3. An order for pre-trial detention shall not be issued if there are serious prospects that, in case of a conviction, no irrevocable custodial sentence or a measure entailing deprivation of liberty will be imposed on the suspect, or that he, by the enforcement of the order, would be deprived of his liberty for a longer period than the duration of the custodial sentence or measure.”

Article 80

“1. The trial court can – ex officio , or on the application of the prosecution or at the request of the suspect – order that the pre-trial detention shall be suspended as soon as the suspect, after putting up guarantees or not as the case may be, has declared himself willing to comply with the conditions governing the suspension.

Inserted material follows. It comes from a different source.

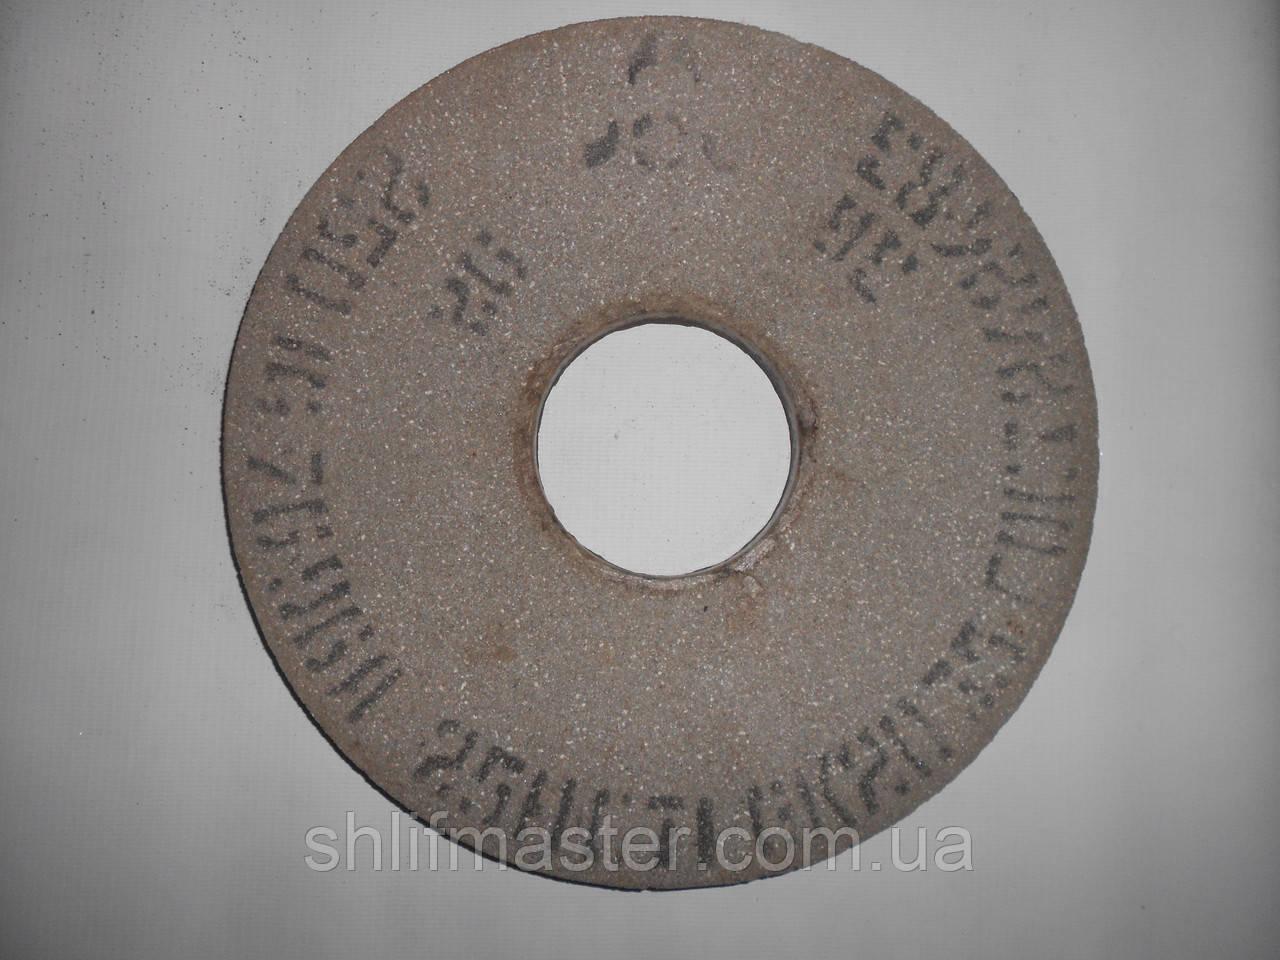 Круг абразивный шлифовальный 96А ПП 250х16х76 25 СТ1 прямого профиля розовый

Such application or request shall state reasons.

2. The conditions governing the suspension shall in all cases include the following:

-1. that the suspect not seek to evade the execution of the pre-trial detention order if its suspension should be terminated;

-2. that the suspect, should he be sentenced to a custodial sentence other than [in lieu of a fine or a community service order] for the criminal act for which the pre-trial detention was ordered, not seek to evade its execution. ...”

COMPLAINT

The applicant complains under Article 5 § 3 of the Convention that from 27 September 2007 until 4 December 2007 he was kept in pre-trial detention without adequate justification, or in the alternative, that the pertinent decision of the Regional Court gave insufficient reasons .

QUESTIONS TO THE PARTIES

1. Upon resumption of the trial (on 25 September 2005), when was the applicant taken back into detention? The parties are requested to submit any relevant documents.

2 . The parties are requested to submit the following documents in order to complete the Court ’ s case file:

2a. Copies of the Regional Court ’ s periodic orders for the prolongation of the applicant ’ s extended detention on remand, given between 11 April 2006 and 7 May 2007;

2b. A copy of the applicant ’ s appeal against the extension order of 11 April 2006;

2c. Copies of the document or documents reflecting the applicant ’ s counsel ’ s further request on 15 November 2007 for the lifting or, in the alternative, the suspension of the pre-trial detention order and the refusal thereof;

2d. Copies of the Regional Court ’ s judgment of 21 December 2007 and of any judgments given on appeal ( hoger beroep ) or appeal on points of law ( cassatie ).

3 . Was the applicant ’ s pre-trial detention between 25 September 2007 and 4 December 2007 justified under Article 5 § 1 (c) of the Convention?

In particular, were the grounds stated by the Regional Court sufficient?